We pull data on 3 variables, all measured in 2010:
* Population_2010: State-Level population-- important because more poulated states may see more crimes/ busier departments
* Income_2010: Median income-- less well-off states may allocate less resources to crimes
* High_School_2010: The percent of population with at least a high school degree-- captures overall education levels.

In [None]:
'''
!pip install census us
from census import Census
from us import states

api_key = "43b15e160ca65184a29791495b8c871ffb033d59"
c = Census(api_key)
'''

In [None]:
'''
fields = [
    'NAME',           # State name
    'B06011_001E',    # Median Household Income
    'B06009_003E',    # Population Total with Education Less than High School Degree
    'B01003_001E'     # Total Population
]
# Make a request
census_data = c.acs5.state(fields, Census.ALL, year=2010)
census_data = pd.DataFrame(census_data)

# Rename columns
census_data = census_data.rename(columns={
    'NAME': 'State',
    'B06011_001E': 'Income_2010',
    'B06009_003E': 'Less_than_HS_2010',
    'B01003_001E': 'Population_2010'
})

# Compute HS_Percent
census_data['HS_Percent_2010'] = (1 - (pd.to_numeric(census_data['Less_than_HS_2010']) / pd.to_numeric(census_data['Population_2010']))) * 100
census_data = census_data.drop(columns=['state'])
'''

In [None]:
census_data = pd.read_csv('drive/MyDrive/CIS5450/census_data.csv')
census_data = census_data[['State', 'Population_2010', 'Income_2010', 'HS_Percent_2010']]

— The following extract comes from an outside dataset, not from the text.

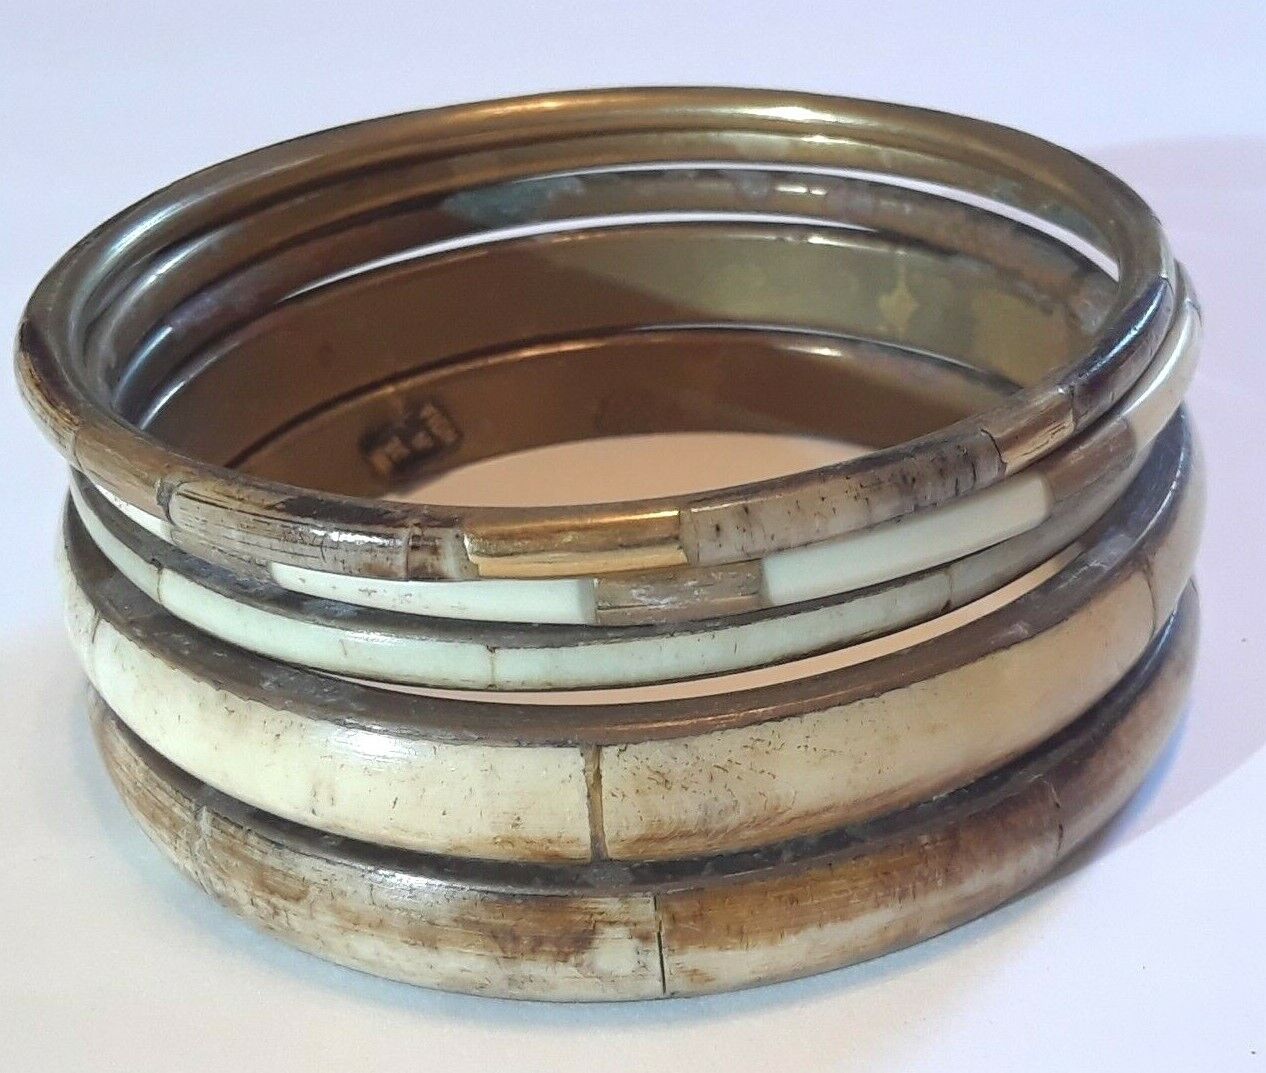 Lot of 5 gold tone bangle bracelets with inlay stone. Made in India. Beautiful! Unbranded - фотография #2

We examine the "State" variable in both the census data and the cleaned MAP data to ensure we merge correctly.

In [None]:
print(murder_accountability_cleaned['State'].unique())

In [None]:
print(census_data['State'].unique())

Note that the state "Rhode Island" is spelled as "Rhodes Island" in the MAP data! We need to fix this before merging.

In [None]:
# use regex to replace
murder_accountability_cleaned['State'] = murder_accountability_cleaned['State'].replace(r'Rhodes Island', 'Rhode Island', regex=True)

In [None]:
# Ensure both 'State' columns are strings and consistent
murder_accountability_cleaned['State'] = murder_accountability_cleaned['State'].astype(str)
census_data['State'] = census_data['State'].astype(str)
# Merge: left join to keep all rows in homicide_df, our main dataset of interest
murder_accountability_cleaned = murder_accountability_cleaned.merge(census_data, on='State', how='left')
murder_accountability_cleaned

In [None]:
# check no mising values
missing_counts = murder_accountability_cleaned.isnull().sum()
missing_counts = missing_counts[missing_counts > 0]
print("Columns with missing values:")
print(missing_counts)

# Part 3. Exploratory Data Analysis

Before building predictive models, we conduct an exploratory analysis to better understand the structure and patterns present in the data. We examine the distributions of key variables such as clearance status, victim demographics, weapon type, and agency characteristics. We also investigate potential relationships between clearance outcomes and socioeconomic indicators such as state-level income and educational attainment. Our initial analysis helps identify important trends, detect anomalies or missing values, and guide feature engineering and model design choices in later stages.



In [None]:
homicide_df = murder_accountability_cleaned.copy() # copy for EDA

## 3.1. Key Variables and their Summary Statistics

We start our exploratory data analysis section by providing some context on the key columns in our dataset. We define each of the features we plan to use in our EDA and subsequent modeling.


In [None]:
homicide_df.columns

**Key Variables**

- **Agency Type**: Type of law enforcement agency (e.g., municipal police, state police). Likely affects clearance rates due to differences in jurisdiction, resources, and investigative capacity.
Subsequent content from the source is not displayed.